The downtown area is shown at its most vibrant in several spectacular night shots of St. Catherine Street in the mid 1950s: in just a few blocks we can observe neon lights advertising a popular café, a famous delicatessen that still stands today as well as a couple of nightclubs and five huge movie palaces that have since been either demolished or re-appropriated. During daytime shots the street bustles with pedestrians. Almost 60 years later, the street is still bustling but at a different pace: the storefronts have changed and buildings have been demolished to make way for others. In one of the extras included on the DVD, the director talks about his view of the Montreal of the 50s and 60s not being an emotional one, but as someone who grew up in Montreal during the 50s and 60s I cannot help but feel a variety of levels of emotional attachment, dare I say, nostalgia for the city. Like the young girl forced away from the Christmas department store window, I most likely saw the same window she was pulled away from. The monorail footage of entering the American geodesic dome pavilion at Expo 67 still resonates with me: I rode that monorail into a Pavillion that marked me tremendously. I certainly walked in Park Lafontaine with my parents and on the Mont Royal, the mountain in the middle of the city whose landscape, like Central Park in New York, was designed by Frederic Law Olmsted. What we see of the mountain in La Mémoire des anges comes from the 1961 Le temps des Amours (Courtship) in which the 19-year old Genevieve Bujold stars as a young woman in love. This film is not even listed in her IMDB filmography as of the writing of this review and Bujold is incorrectly listed as playing herself in La Mémoire des anges.

What is most vital in this film is how it documents an era: the shifts in architecture: the interesting design of low-income housing built around communal courtyards used by the inhabitants to socialize. These structures have now all but disappeared or been completely transformed through gentrification. Other cultural shifts are more subtle such as the extensive footage of great numbers of children playing outside with each other in the streets. The children all went to the same schools in their communities and played with friends on their respective city blocks. Yet some changes, while minor in terms of technology, are huge in terms of their sociological impact on the entire landscape of inner-city life such as the gradual disappearance of laundry hanging on clotheslines. There are also changes that are more regionally specific: the change of a mostly francophone society under the strong rule of Roman Catholicism to the beginnings of a cultural revolution leading to the birth of separatism. Although not suitably explored, the subject matter could not be completely ignored in the presentation of late 1960s Montreal. It makes a brief appearance in the film but may not be fully understood by viewers who do not know this period of Quebec history.

The extras on the disc include two full-length shorts excerpted in the film, a photo gallery and interviews with the director Luc Bourdon. The best feature allows us to select an option of having most of the excerpts identified in terms of film titles and actors.

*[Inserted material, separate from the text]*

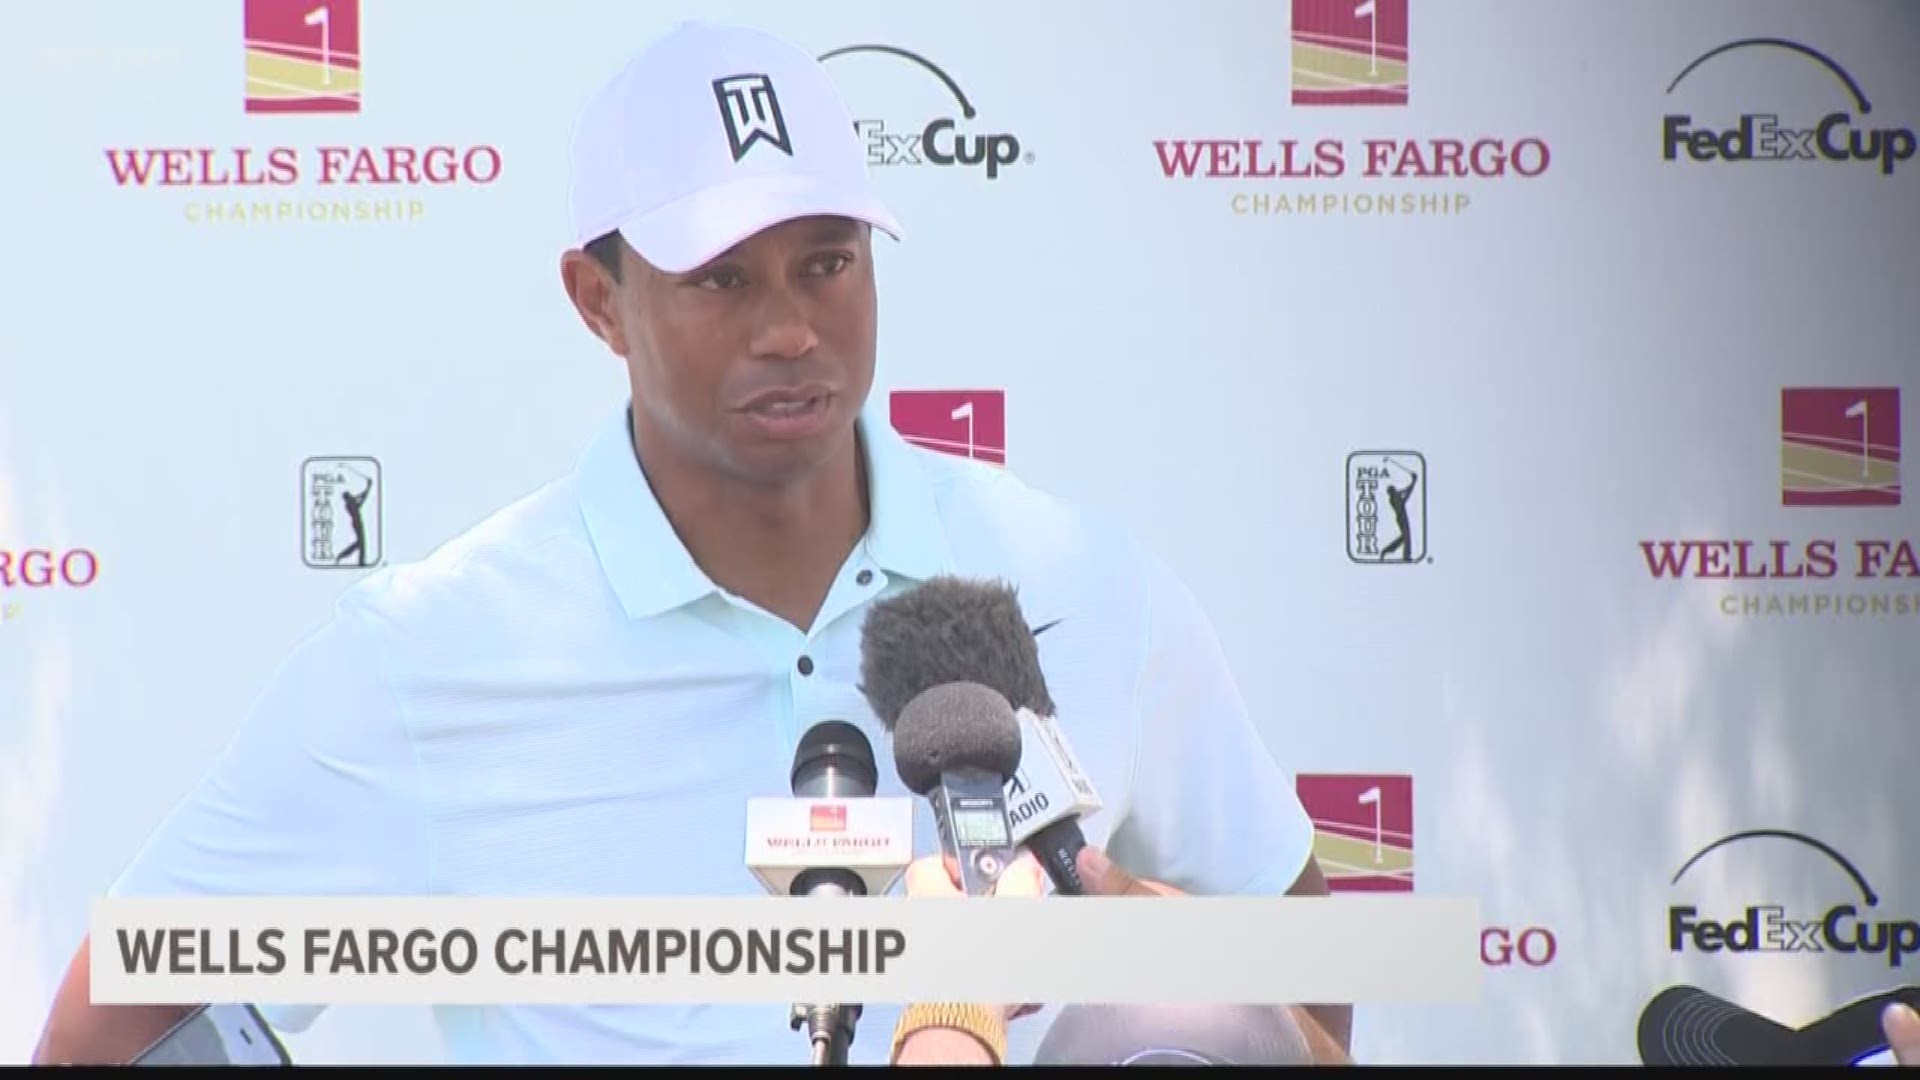 After rolling in his only birdie of the day on his final hole, Tiger Woods deadpanned "I'm on a hot streak"..

I have often been enraged watching documentaries that do not identify their excerpts. This film will appease the historically obsessed and those who do not want to have the flow of the film ruptured by identifiers. I cannot say enough about the quality of the images. The archival color footage is pristine and immaculately vibrant, yet resonates with the appropriate tones and hues of color stock of the period. The black and white is crisp. This film serves to document urban change through media, it tracks sociological change and cultural change and yet there is an added bonus for people like me who grew up and/or live here, it is a love poem and an ode to a great city. Very highly recommended.